Under ligand stimulation, endocytosis of EGFR occurs and leads to a shift from diffuse membrane staining to punctate cytoplasmic staining (representing endocytic vesicles). To understand the role of TRAF6 and CD147 in EGFR trafficking, we utilized a fluorescence-conjugated primary antibody to track EGFR and examined the effect of TRAF6, CD147 on EGFR protein stability. We found that knockdown of TRAF6 and CD147 accelerated EGFR-protein degradation (Fig. 5d) and EGFR-containing endocytic vesicles were present in TRAF6- and CD147-knockdown HaCaT cells even without EGF treatment (Fig. 5e), because the EGFR distribution typically shifts from the cell membrane to the cytoplasm, with punctate fluorescence after EGF stimulation in control cells (Fig. 5e). Hence, our results suggested that TRAF6 and CD147 may be involved in EGFR endocytosis.

Discussion

Epidermal cell transformation plays a critical stage in cSCC development that involves oncogenic key molecules. In this study, we found that TRAF6 plays a key role in cell transformation. Although over-expression of TRAF6 alone did not effect on foci formation in NIH3T3 cells, more foci were observed with a combination of TRAF6 and Ras (G12V), thus indicating that TRAF6 enhances the cell transformation ability driven by oncogenes (Fig. 1a). SliencingTRAF6 expresison significantly suppressed the EGF meidated anchorage-independent cell growth of HaCaT cells (Fig. 1b), thus indicating that TRAF6 is involved in the EGF associated signaling pathway. Regarding the TLR/IL-1β pathway, TRAF6 is also an essential molecule for activation of other signaling pathways. After TGFβ stimulation, TRAF6 induces Lys63-linked ubiquitination of TβR1, which in turn promotes cleavage of TβR1 by TACE. After cleavage, the intracellular domain (ICD) is released from TβR1, translocates into the nucleus and subsequently forms a complex with p300 that regulates expression of genes, such as Snail, MMP2, and cyclinD1[42-44]. In the IGF-induced pathway, TRAF6 acts as a direct E3 ligase, ubiquitinating AKT, and thereby inducing AKT cellular membrane recruitment and phosphorylation leading to activation[45].
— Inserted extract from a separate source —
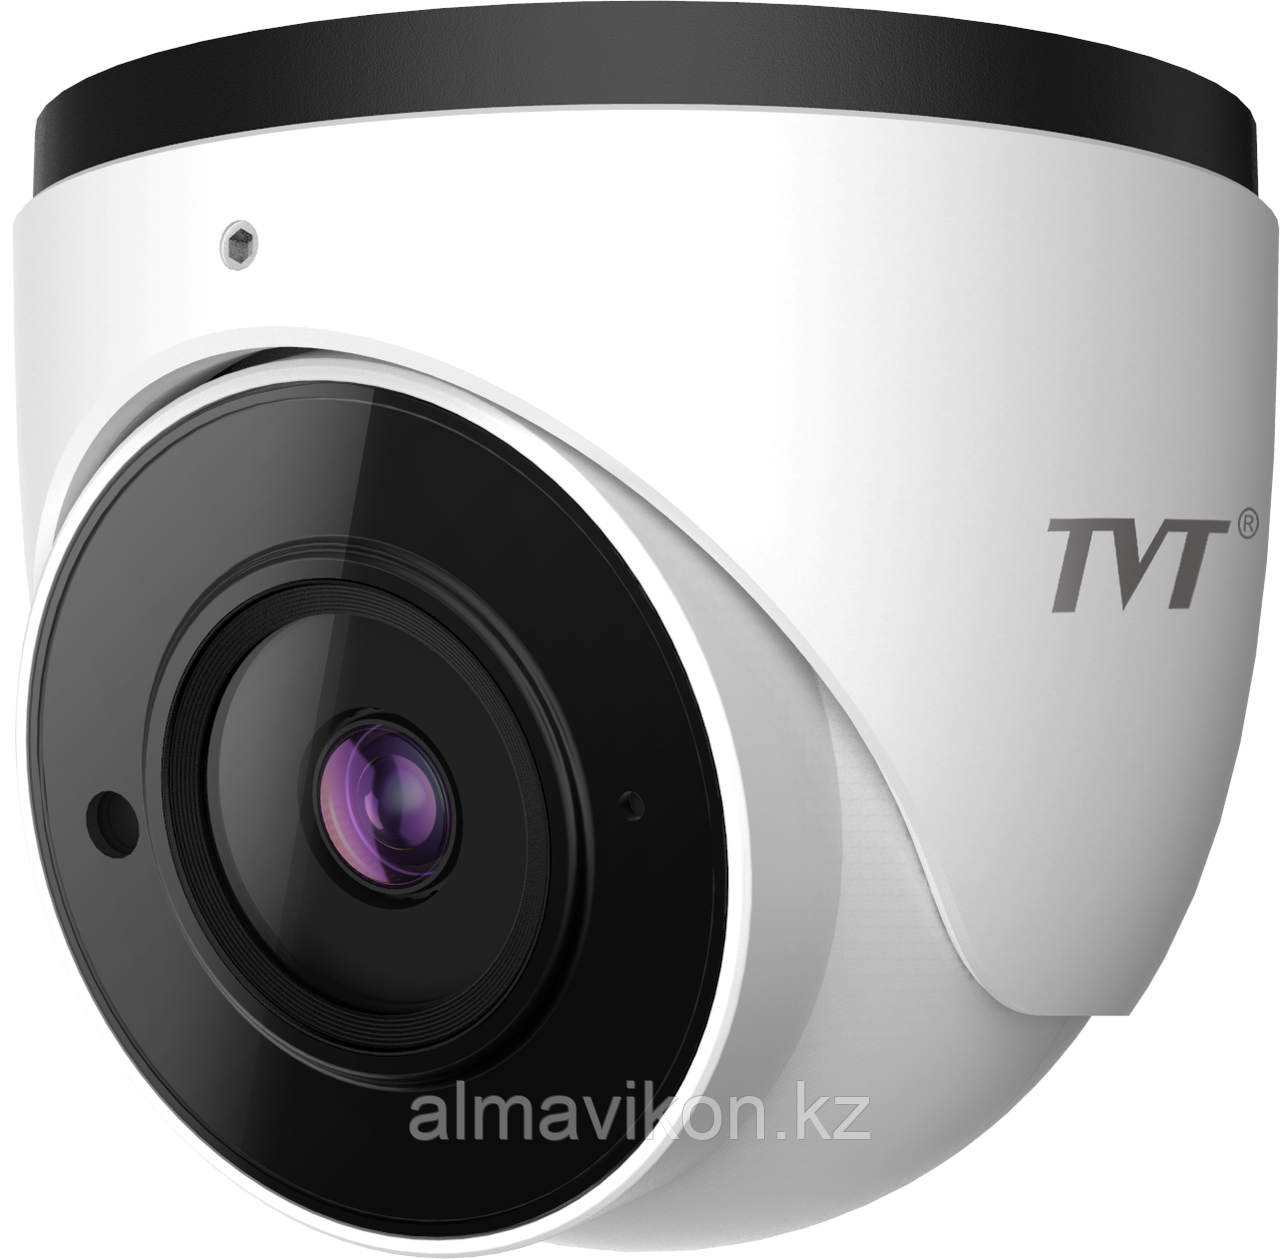 Видеокамера с распознаванием лиц IP 2mp TVT TD-9554E2

In this study, we provided the first evidence that TRAF6 affects the EGF-induced pathway. Through a protein array, we found that p-EGFR and total EGFR were altered in TRAF6-silenced cells (Fig. 4a). Furthermore, p-Stat3, p-EGFR, and c-Fos were dramatically downregulated by TRAF6 knockdown (Fig. 4b). EGFR is a key molecule orchestrating cell growth, survival, cell cycle progression, and migration and is over-expressed or dysregulated in many cancers[46-49]. EGFR exerts these functions through multiple signaling cascades. After ligand binding, tyrosine residues at the intracellular domain of EGFR are auto-phosphorylated, thus creating docking sites for adapter proteins, such as Grb2 or GAB1 (4). For example, after binding to EGFR, Grb2 recruits SoS1 (a Ras guanine nucleotide exchange factor) cell membrane localization, thereby activating the Ras/Raf/ERK signaling cascade[50, 51]. AP-1 is a downstream convergence point of different signaling cascades and is required for EGF-induced cell transformation and tumor development. In addition, EGFR has been reported to regulate invasion or migration by regulating MMP expression, in a manner dependent on AP-1 activity[52-54]. MMPs have a critical role in ECM remodeling, embryonic development and wound healing in physiological conditions and facilitate tumor cell migration and metastasis through ECM degradation, modulation of cell adhesion and promotion of angiogenesis. We found that AP-1 activity was decreased in both TRAF6-DN and TRAF6-knockdown cells (Fig. 4c), and knockdown of TRAF6 significantly attenuated MMP-2,9 expression upon EGF stimulation (Fig. 4d).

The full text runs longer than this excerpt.